START Supplied material

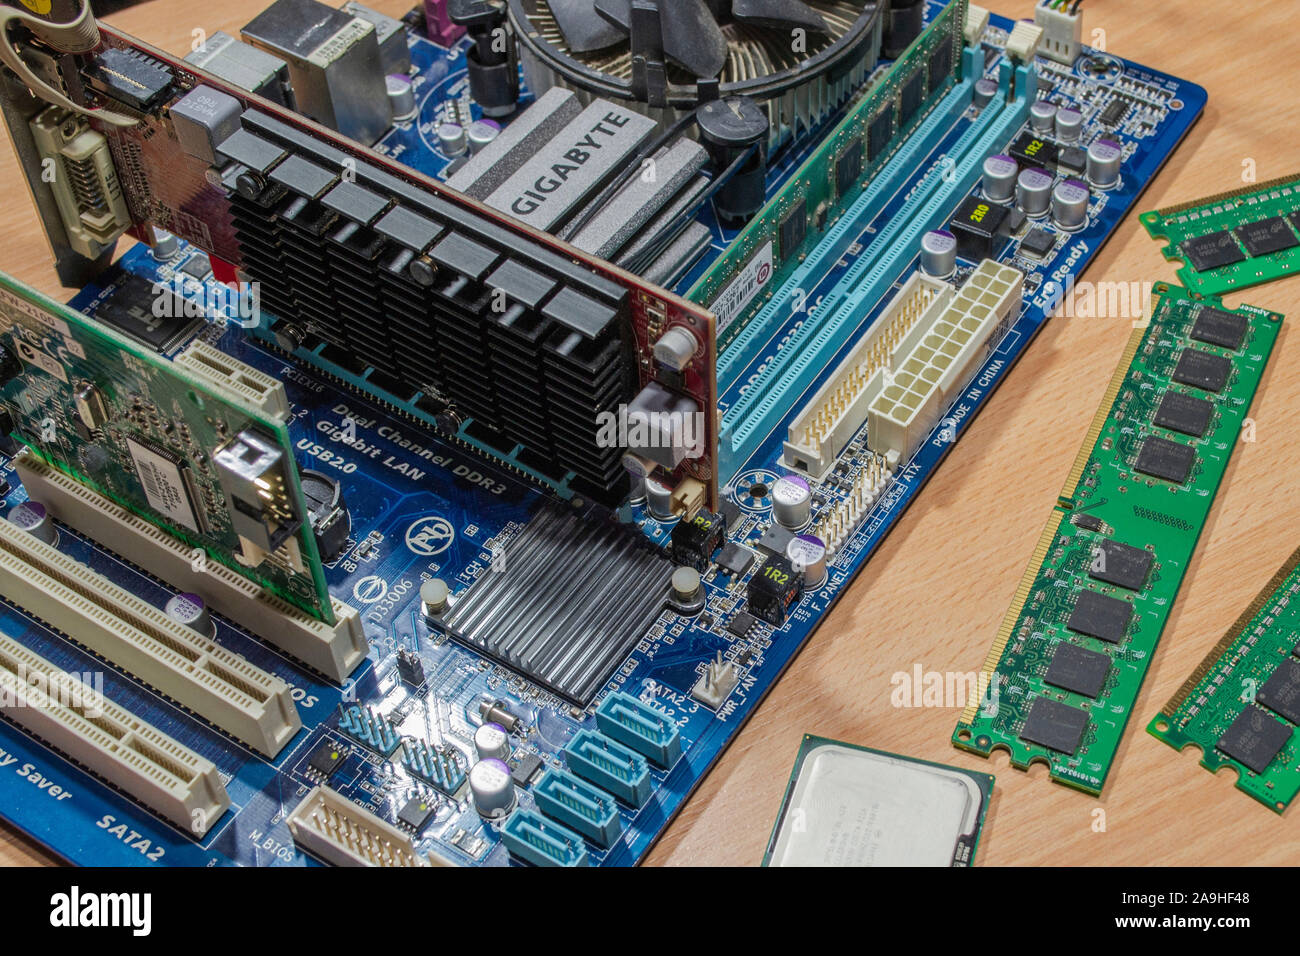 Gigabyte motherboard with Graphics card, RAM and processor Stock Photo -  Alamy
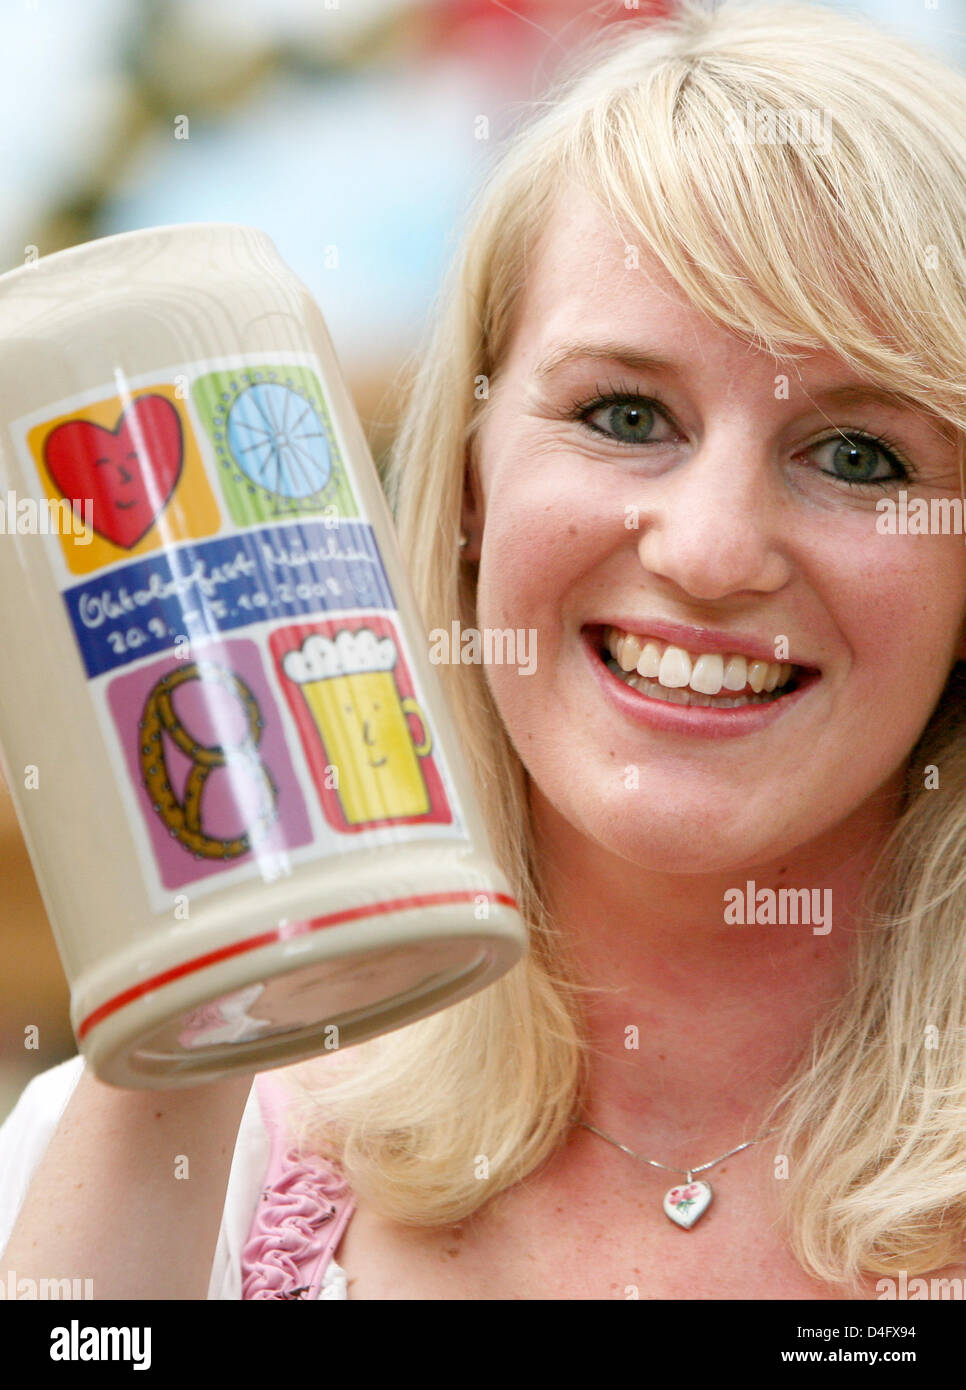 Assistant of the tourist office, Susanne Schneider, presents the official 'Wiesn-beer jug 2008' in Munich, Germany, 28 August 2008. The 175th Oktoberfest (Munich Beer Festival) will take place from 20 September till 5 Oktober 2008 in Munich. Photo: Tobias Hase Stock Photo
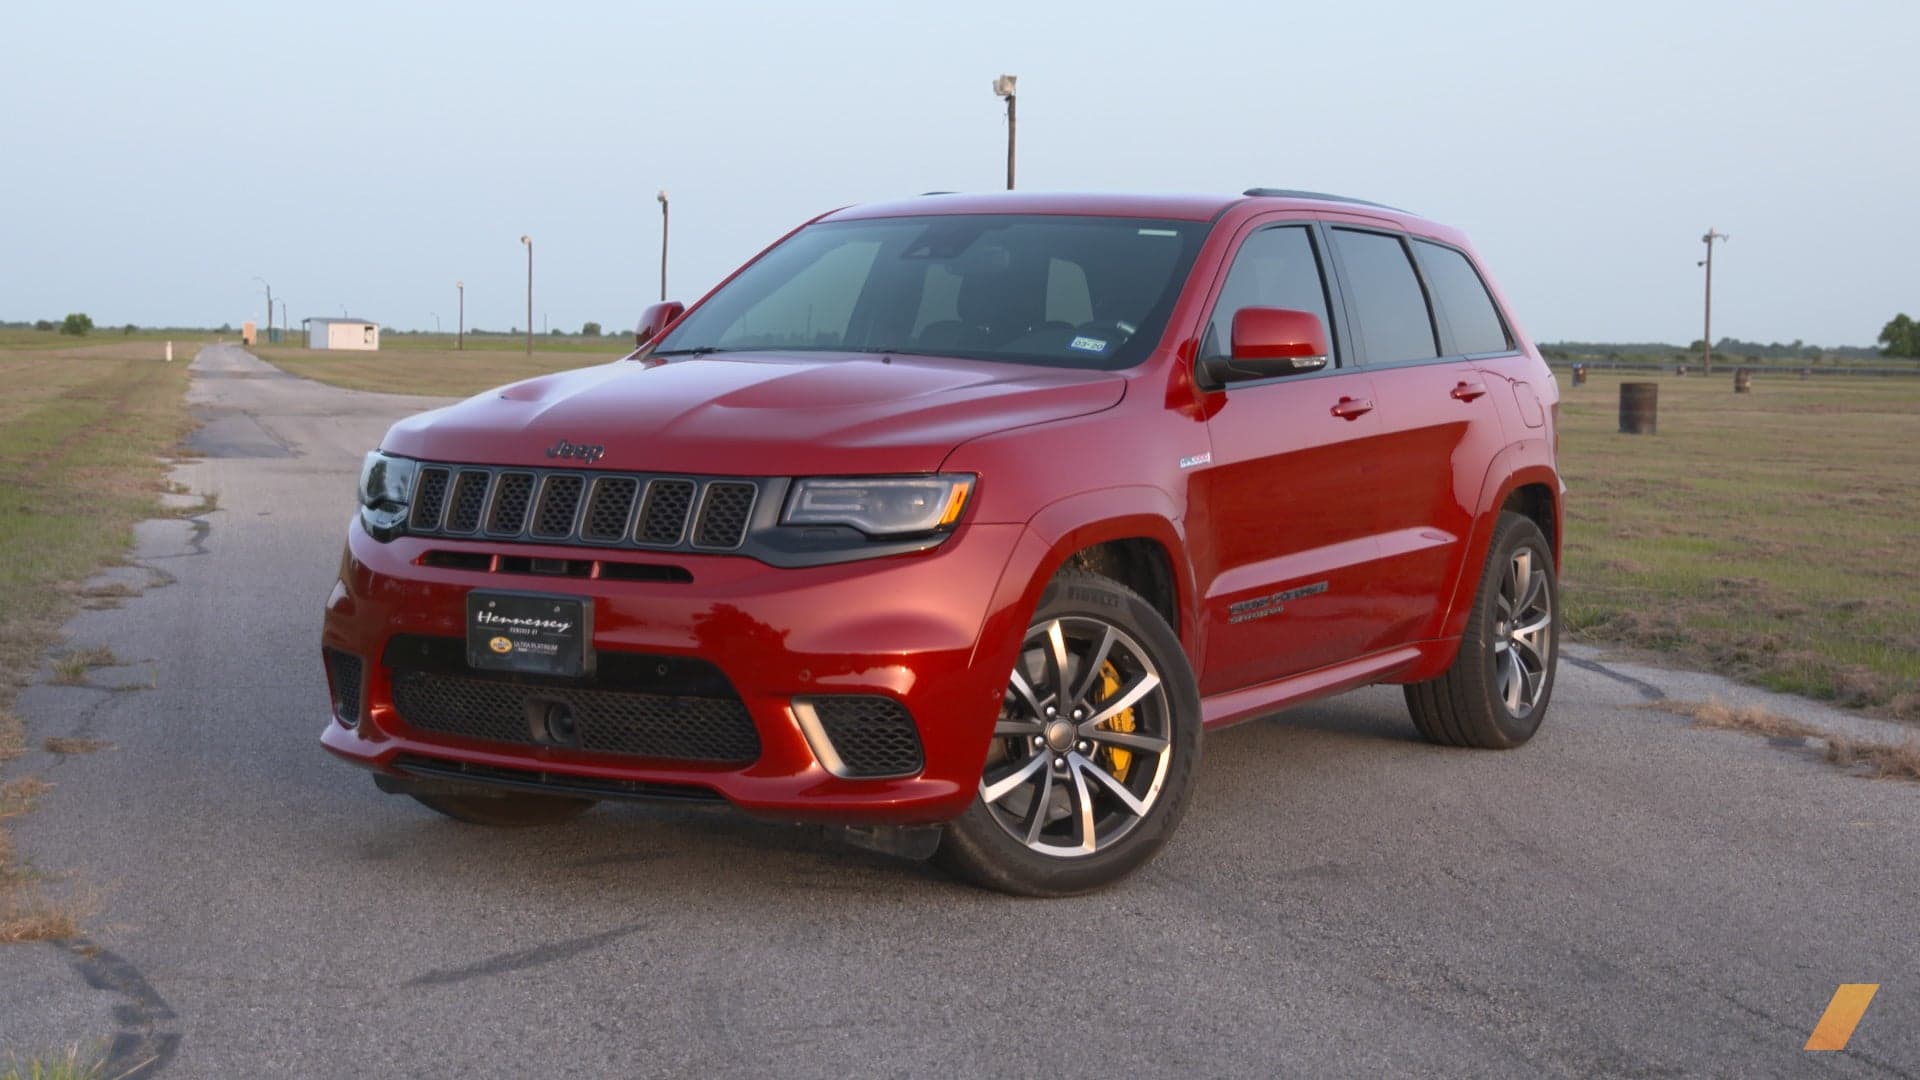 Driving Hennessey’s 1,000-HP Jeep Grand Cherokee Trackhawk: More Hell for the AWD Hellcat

END Supplied material

> How to complete this task: Extract the run of lines beginning with the line that holds "Assistant of the" and ending at the last line of the data, inclusive. Exclude any pictures from the copy.

> Solution to this task:
 Assistant of the tourist office, Susanne Schneider, presents the official 'Wiesn-beer jug 2008' in Munich, Germany, 28 August 2008. The 175th Oktoberfest (Munich Beer Festival) will take place from 20 September till 5 Oktober 2008 in Munich. Photo: Tobias Hase Stock Photo
 Driving Hennessey’s 1,000-HP Jeep Grand Cherokee Trackhawk: More Hell for the AWD Hellcat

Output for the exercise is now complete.